星系防衛軍の駆逐艦が情報軍の支援任務に就くことは稀だが、逆もまた然りである。情報軍が星系防衛軍の支援を要請することもほとんどない。情報軍がEXUのような実力を行使する際は彼ら自身がノウハウを持った機材と人員を投入する。特殊作戦とはそういうものなのだ。リガルの目から見ても、足並みの揃わない編成で困難な任務に挑むのは無謀だった。それでも<ファーベンス>がこうして任務に従事しているのであれば、それは情報軍が要請したからで、リガルの身柄を拘束するのは年金の不正受給が理由であるなら大仰に過ぎるというものだろう。世紀の大怪盗でもあるまいし。だがそこにこそ今回の一件について核心に近い意味がある気がする。

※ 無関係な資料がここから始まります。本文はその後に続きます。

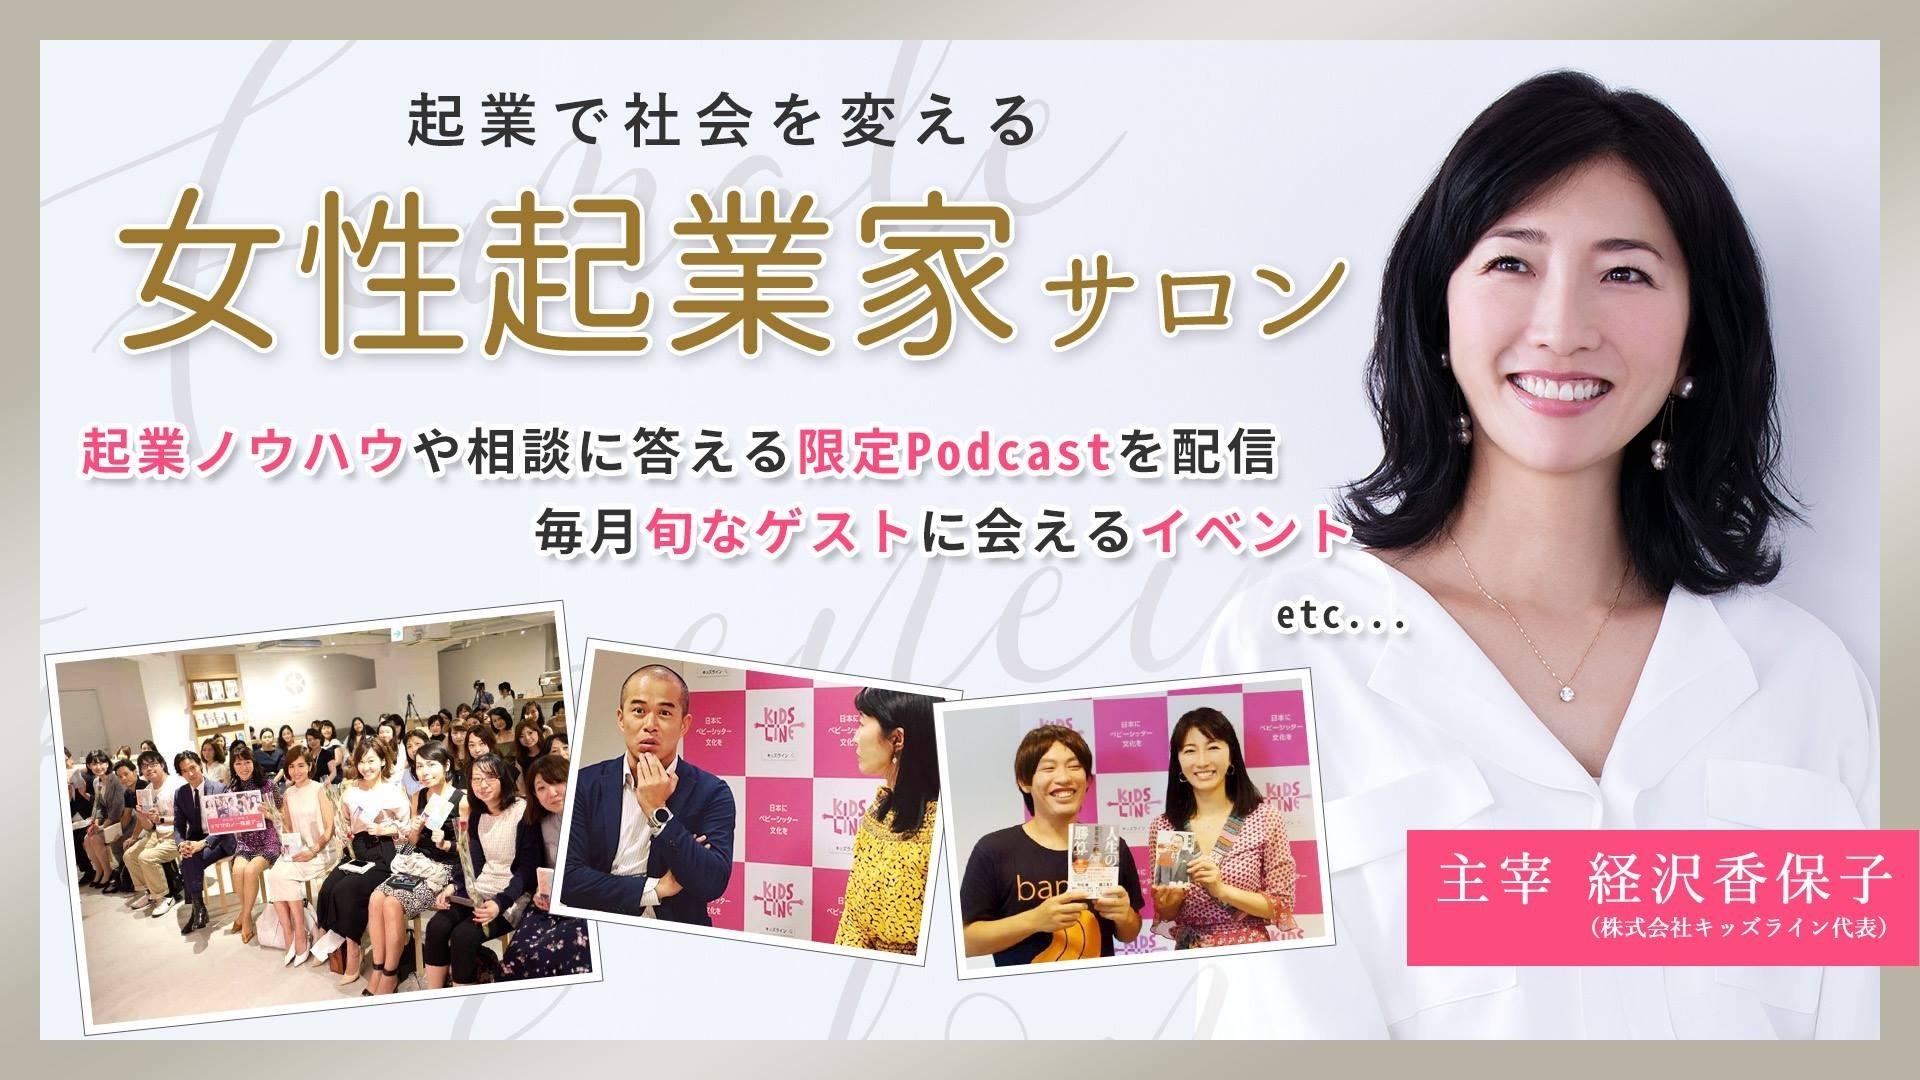 経沢香保子 - 「起業で社会を変える」実践的・女性起業家サロン - DMM オンラインサロン

情報軍が星系防衛軍に作戦の存在を報せてしまうリスクを取った。つまりカルツィオにも余裕がないのではないか? 退役軍人をありもしない罪状で拘束するというのは、そのまま事実として受け入れるには稚拙きわまりない。彼はなにがしかの理由があってリガルという人物を確保する必要が生じ、そのために冤罪を被せて合法的に拉致、隔離することに成功した。
ミステリー小説で通用しそうなくらいには筋が通っている説明に思えるし、他に納得のいく説明が思いつかない。追い詰められたカルツィオの計画は綿密なものではなく速度を重視したものであったため、ありあわせの人員、手元にあったEXUの作戦を星系防衛軍に支援させることでリスクを補填したのだ。

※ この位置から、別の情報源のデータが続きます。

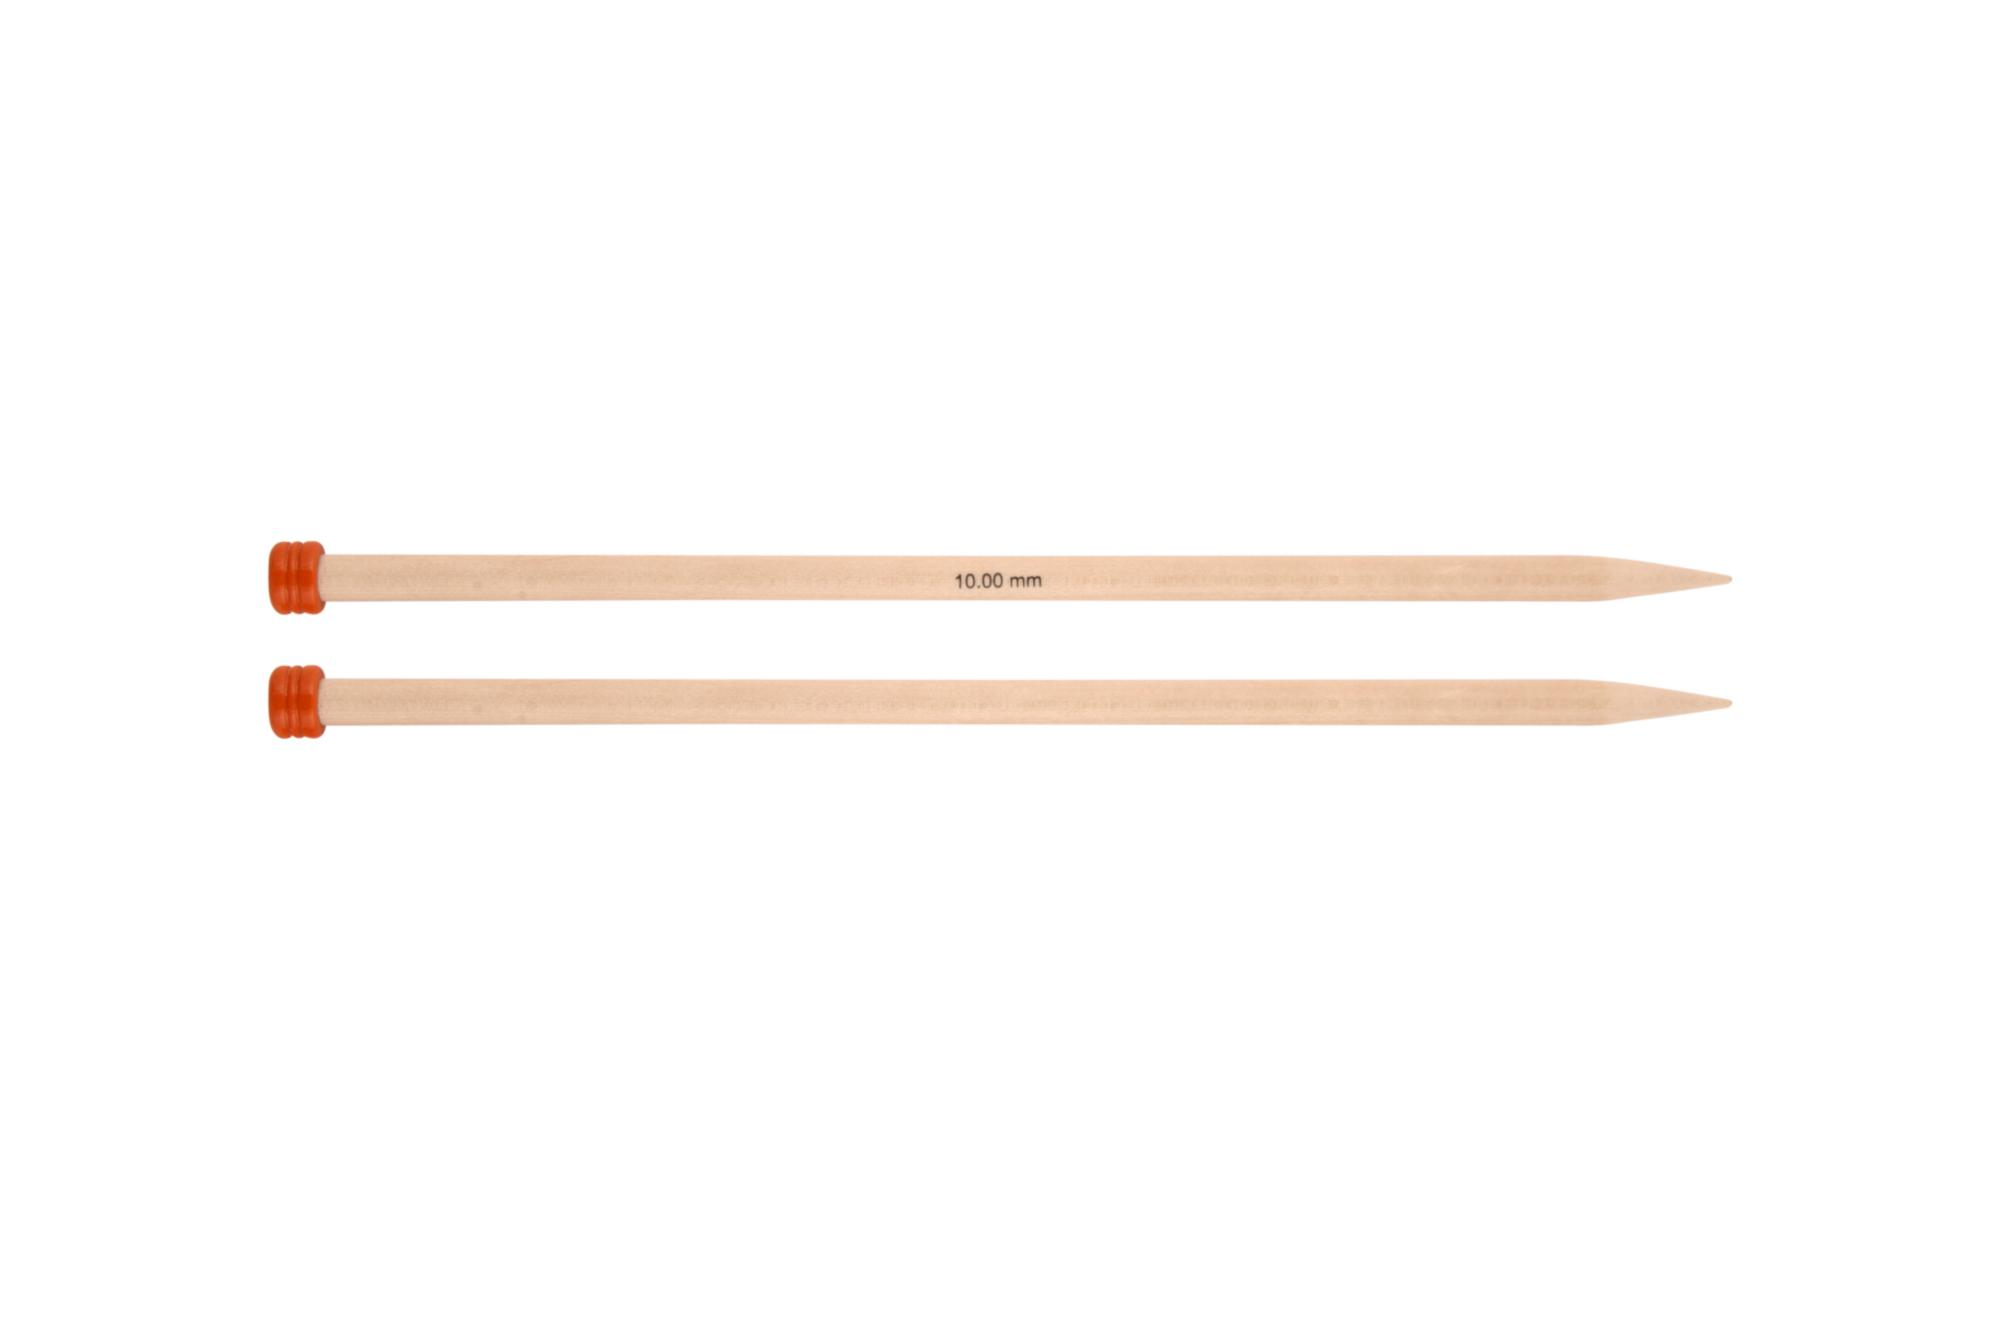 Спицы прямые 40 см Basix Birch Wood KnitPro, 35288, 12.00 мм

あれこれと考えていると出し抜けにハッチが開く。照明を暗くしていたため、廊下から突き刺す明かりに目を細めながら体を起こす。シルエットから察するに、立っているのはカルツィオ中佐らしい。細長い航宙服姿は死刑執行官のようだ。
リガルは向こうからははっきりと見えているはずの自分の顔に精一杯の嫌悪感を浮かべてみせた。
「腹は減っているか、大尉?」
「拉致監禁の重罪を犯した人間にしては親切な申し出だ」寝台の端に腰かけてうなじを掻く。「できれば自宅でゆっくりと飯を食べたいんだけどな」
「既に<ファーベンス>はメキシコ・プライムの衛星軌道を離れている。君があの家に帰ることはもうないだろう」
うすうす考えていた可能性を現実として告げられ、リガルは落胆を禁じ得なかった。そして一層の恨みを込めた目でカルツィオを睨むが、彼は意にも介さずに体を傾けて部屋を出るようリガルへ促す。

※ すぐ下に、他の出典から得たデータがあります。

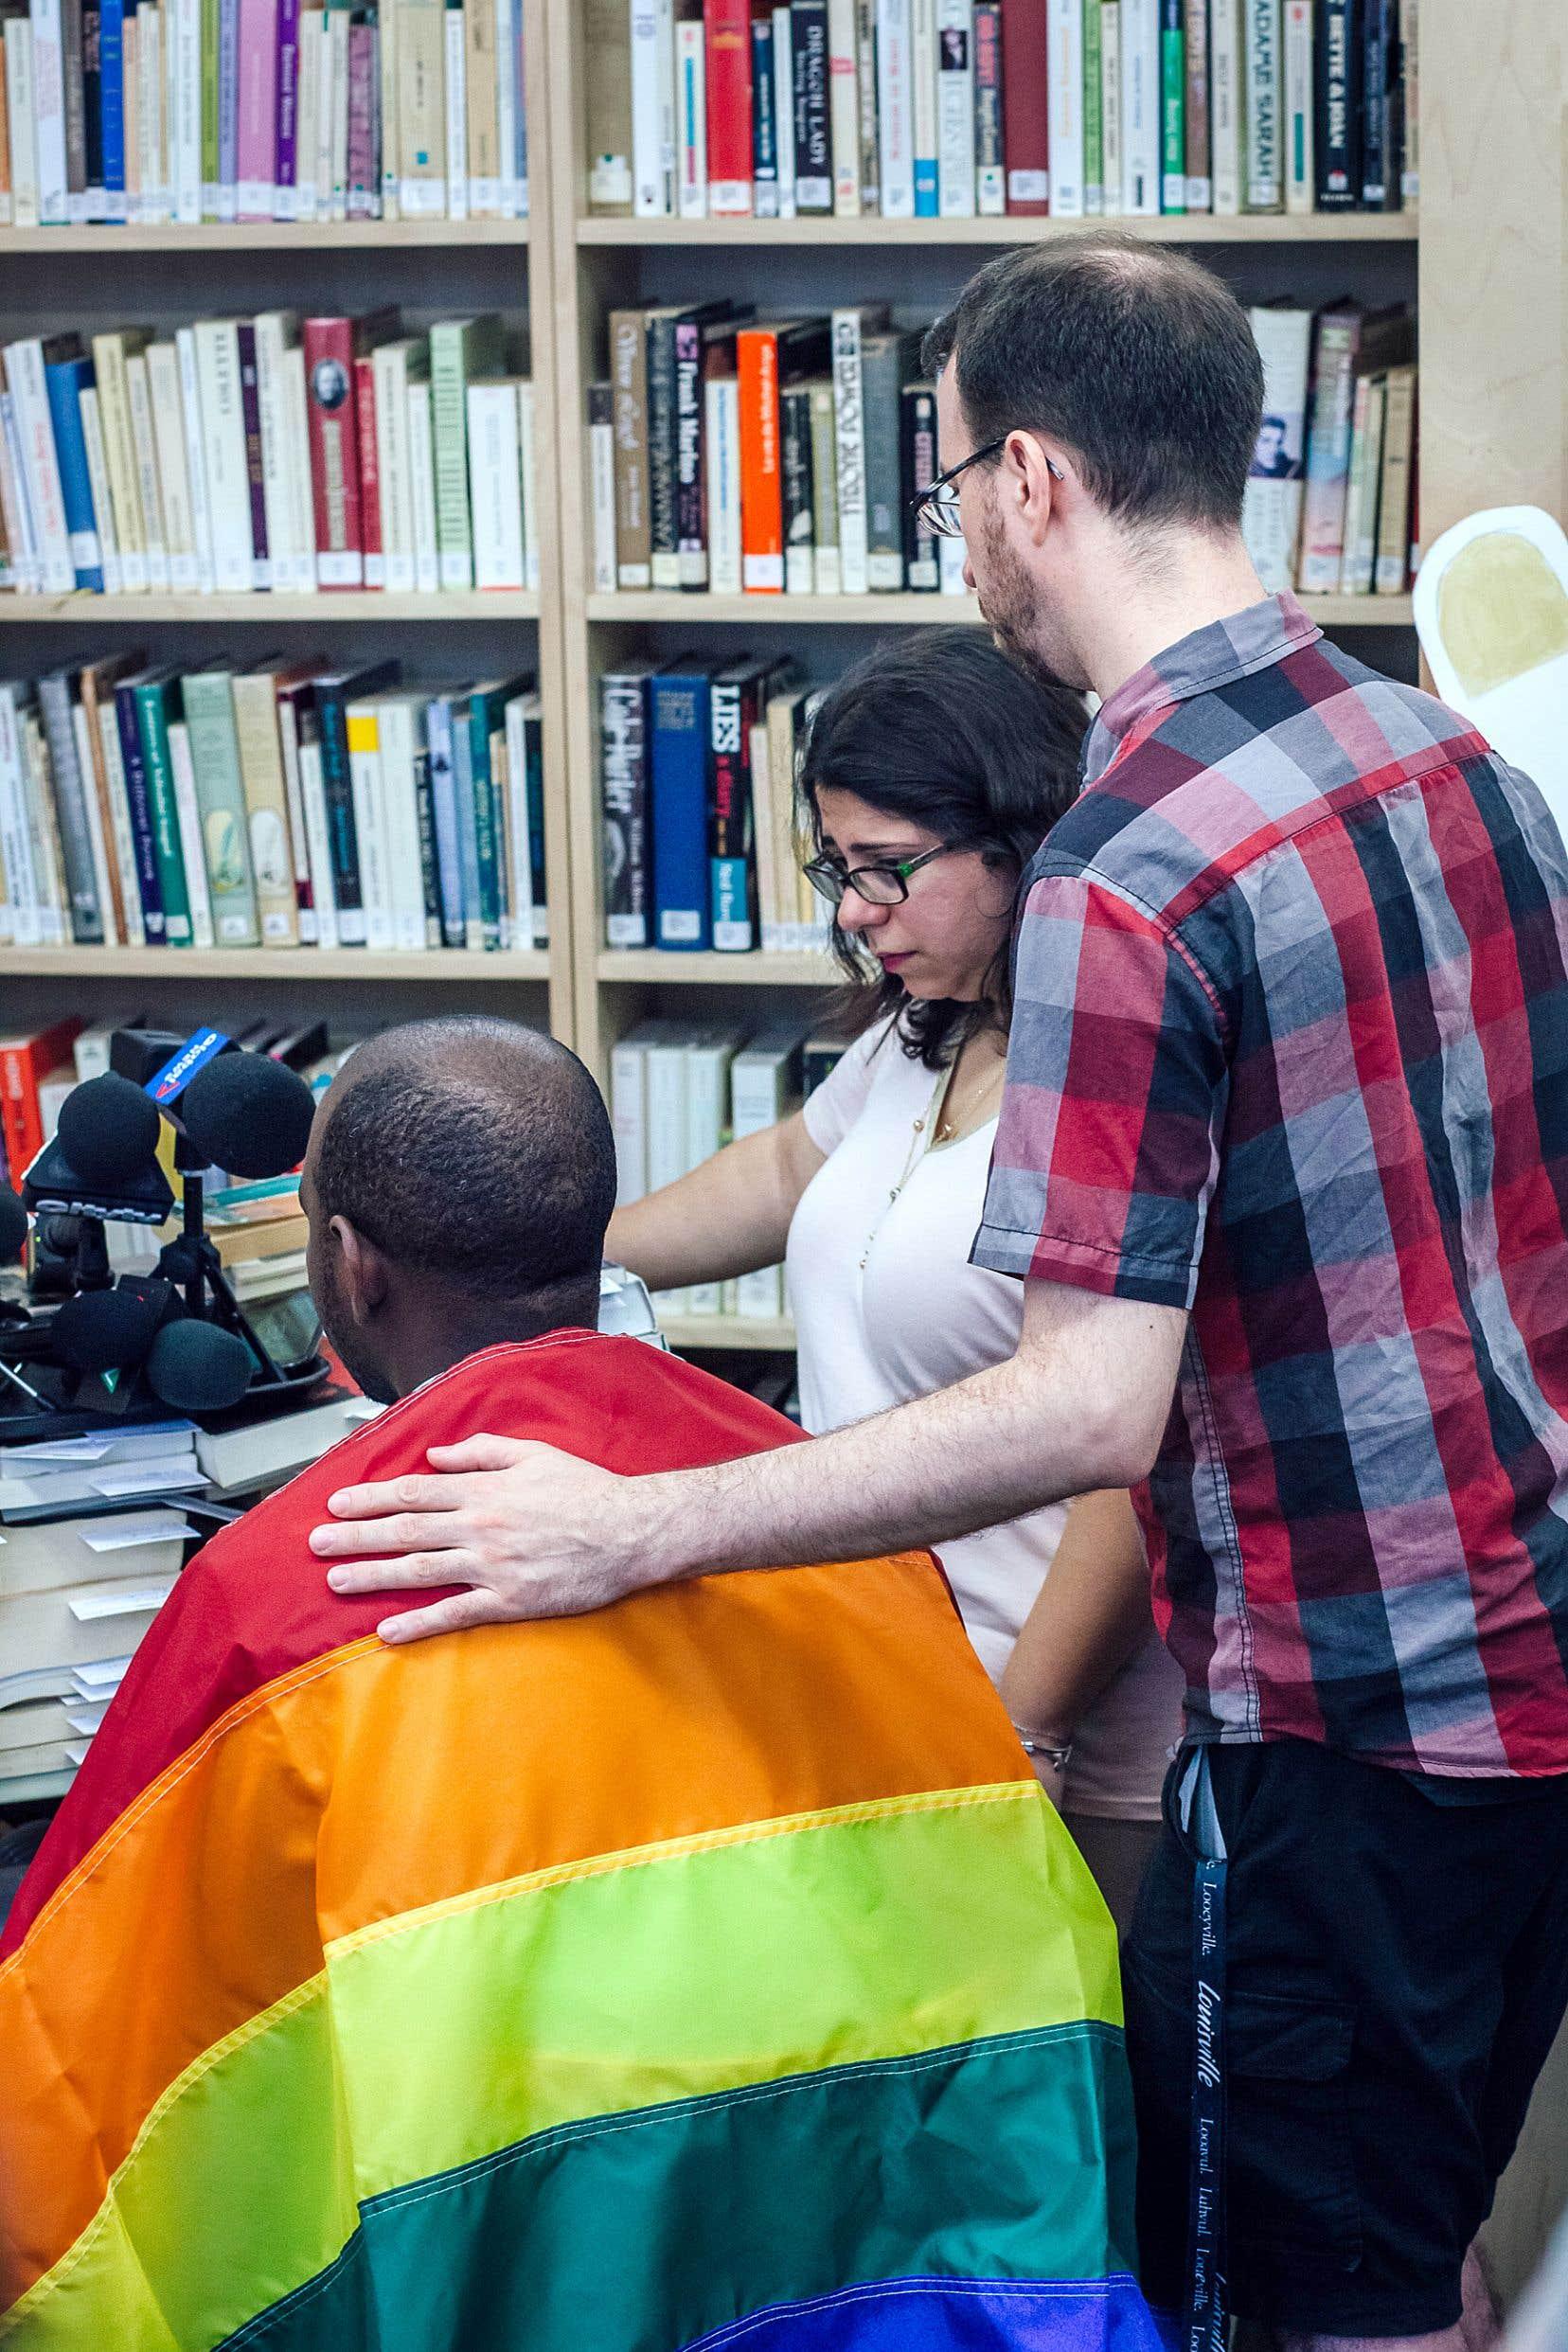 Karim (nom fictif), un guineen bisexuel, soutenu par Christian Tanguay, du Centre communautaire LGBTQ+ de Montréal et de Meryem Benslimane, d'Action LGBTQ avec les immigrantEs et réfugiéEs (AGIR), pendant une conférence de presse dimanche dernier.

「君は怒り心頭に発しているだろうが、事は急を要する。とにかく状況を伝えたい。ついてきたまえ」
このまま部屋の中に引きこもっていようかとも考えたが、カルツィオの背中はリガルの追随を確信していた。
怒りに身を任せて寝台を立ち、部屋を出る。
驚いたことに、EXUの面々は誰もいなかった。カルツィオには、リガルが暴力的な手段に訴えるという可能性は考えられないらしい。それが事実であるだけに、見透かされたような憤懣は溜まる一方だ。そして実際に、おとなしく従っている自分がいる。
時折、<ファーベンス>の乗組員とすれ違う。男女様々で、階級が上位のカルツィオへ向け挙手敬礼し、道を譲る。その眼がカルツィオの後をポケットに両手を突っ込んでついて歩くリガルを捉えた。例外なく全員がそうだ。口を開くことはなかったが、仲間内でリガルのことを噂するに違いない。くそったれと胸中で何度も毒づいてしまう。まるで見世物にされた動物の気分だ。こんなところへ来るべきではなかったし、来たくもなかった。
ではどこへ行くべきだったというのだろう。自問してみれば、答えは返ってこない。だからカルツィオに何も言い返せないのだ。
エレベーターに乗り込む。
そこで行き先に気付いてカルツィオを睨むが、彼は何も反応を示さずに、ただ箱が上下するに任せている。
扉が開くと、予想通り人気のない短い通路に出た。ここはファスカロン級駆逐艦の重要区画の深奥に位置している。そしてこの場所に、リガルは何度も足を運んだ記憶があった。船こそ違うが、モジュール単位で規格化されたものはほぼ見分けがつかない。
突き当りの大きなハッチに辿り着く。気密性と耐爆性を有する分厚い扉は二層構造となっているはずだ。カルツィオが長い認証コードを打ち込めば、一層目が右下と左上に分かれて開き、二層目が左下と右上へとそれぞれ身を避けた。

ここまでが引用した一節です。